Factors and attribution¶

  • It is generally agreed that there are portfolio strategies ("factors" or "styles") that earn risk premia that are not explained by the CAPM.
    • Value, momentum, profitability, ...
  • An institution evaluating a manager's results will look to see if any common factors are responsible for the results by running regressions on the benchmark and factors.
  • In other words, we ask whether the returns can be attributed to common factors.

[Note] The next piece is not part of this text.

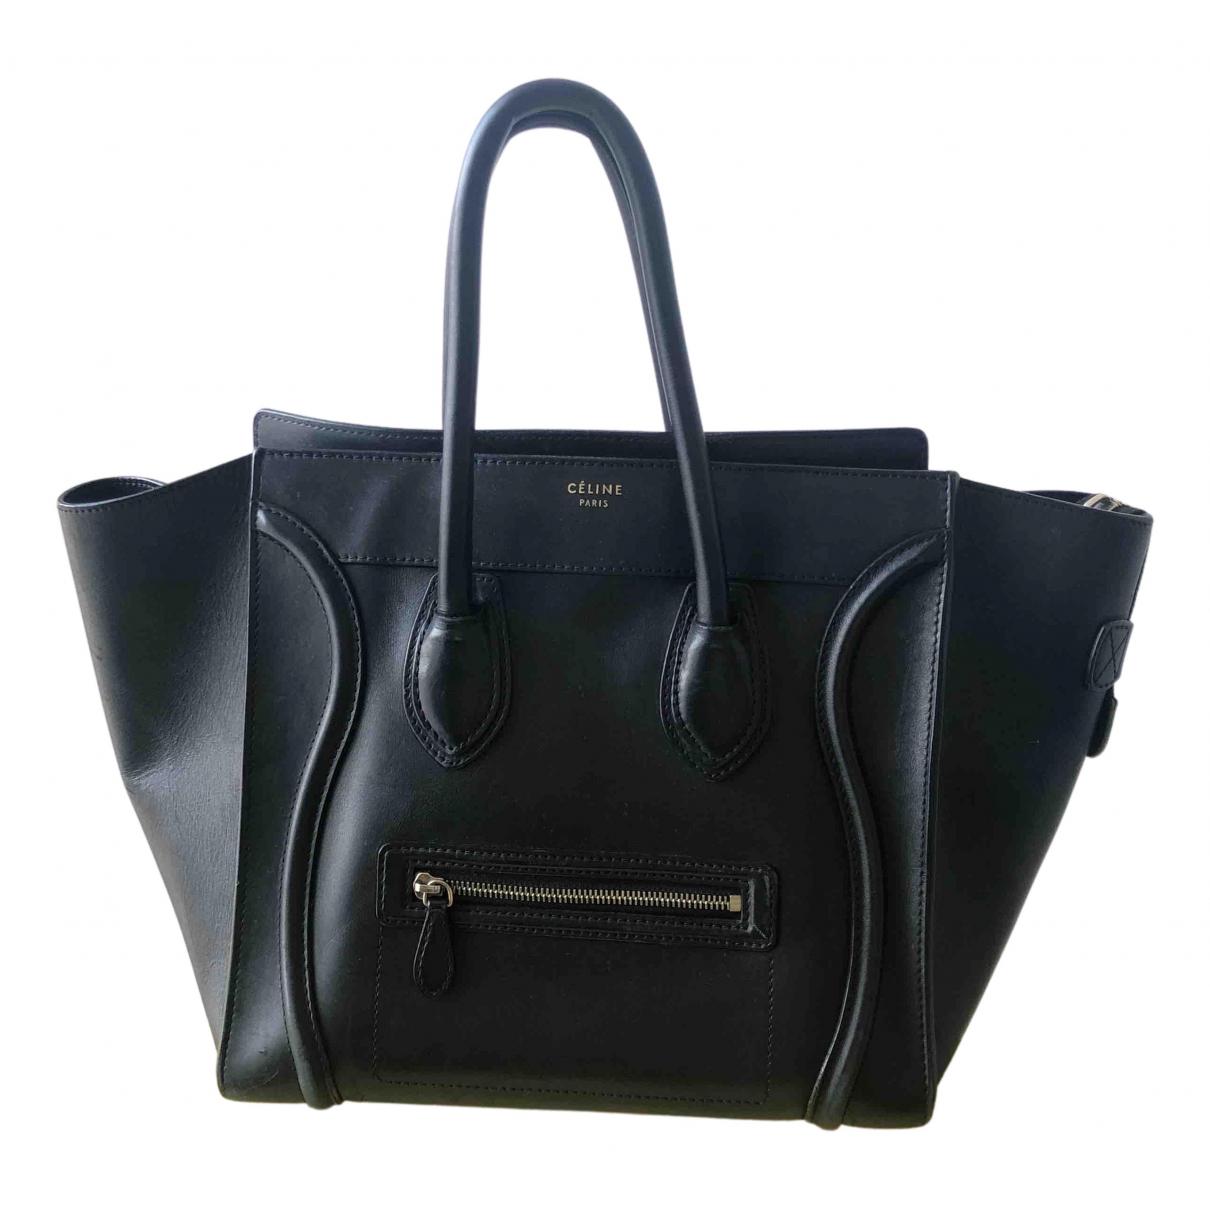 Celine Luggage Black Leather handbag for Women N

Alphas and information ratios again¶

  • For simplicity, consider a single factor or style with return $r_s$. Suppose it is a long-minus-short return.
  • We run the regression
$$r - r_f = \alpha + \beta_1 (r_b-r_f) + \beta_2 r_s + \varepsilon$$
  • We can rearrange as
$$r - \bigg[\beta_1 r_b + (1-\beta_1)r_f + \beta_2 r_s\bigg] = \alpha + \varepsilon$$
  • The return in square braces is a beta and factor adjusted benchmark.
  • The alpha and the information ratio have the same meaning as before, except that now we are also adjusting for factor exposure.

Data¶

  • Fama-French factors
    • SMB = small minus big (size factor)
    • HML = high book-to-market minus low book-to-market (value factor)
    • CMA = conservative minus agressive (investment rate factor)
    • RMW = robust minus weak (profitability factor)
  • Momentum
    • UMD = up minus down
  • All from French's data library
In [13]:
fama_french.head(3)
Out[13]:
Mkt-RF SMB HML RMW CMA RF
Date
1970-01 -0.0810 0.0312 0.0313 -0.0172 0.0384 0.0060
1970-02 0.0513 -0.0276 0.0393 -0.0229 0.0276 0.0062
1970-03 -0.0106 -0.0241 0.0399 -0.0100 0.0429 0.0057
In [14]:
umd = pdr("F-F_Momentum_Factor", "famafrench", start=1970)[0]/100
umd.columns = ["UMD"]
umd.head(3)
Out[14]:
UMD
Date
1970-01 0.0060
1970-02 0.0023
1970-03 -0.0036
In [15]:
data = pd.concat((fama_french, umd, df), axis=1).dropna()
result = smf.ols("ret_rf ~ mkt_rf + SMB + HML + RMW + CMA + UMD", data).fit()
result.summary()
Out[15]:
OLS Regression Results
Dep. Variable: ret_rf R-squared: 0.854
Model: OLS Adj. R-squared: 0.852
Method: Least Squares F-statistic: 502.5
Date: Mon, 27 Nov 2023 Prob (F-statistic): 4.68e-212
Time: 13:54:11 Log-Likelihood: 1298.6
No. Observations: 524 AIC: -2583.
Df Residuals: 517 BIC: -2553.
Df Model: 6
Covariance Type: nonrobust
coef std err t P>|t| [0.025 0.975]
Intercept -9.048e-05 0.001 -0.096 0.924 -0.002 0.002
mkt_rf 1.0729 0.022 48.365 0.000 1.029 1.116
SMB -0.0638 0.034 -1.860 0.063 -0.131 0.004
HML -0.0509 0.041 -1.229 0.220 -0.132 0.030
RMW 0.0332 0.043 0.778 0.437 -0.051 0.117
CMA -0.0943 0.061 -1.535 0.125 -0.215 0.026
UMD 0.0351 0.021 1.637 0.102 -0.007 0.077
Omnibus: 648.691 Durbin-Watson: 2.070
Prob(Omnibus): 0.000 Jarque-Bera (JB): 124020.660
Skew: -5.708 Prob(JB): 0.00
Kurtosis: 77.498 Cond. No. 78.2


Notes:
[1] Standard Errors assume that the covariance matrix of the errors is correctly specified.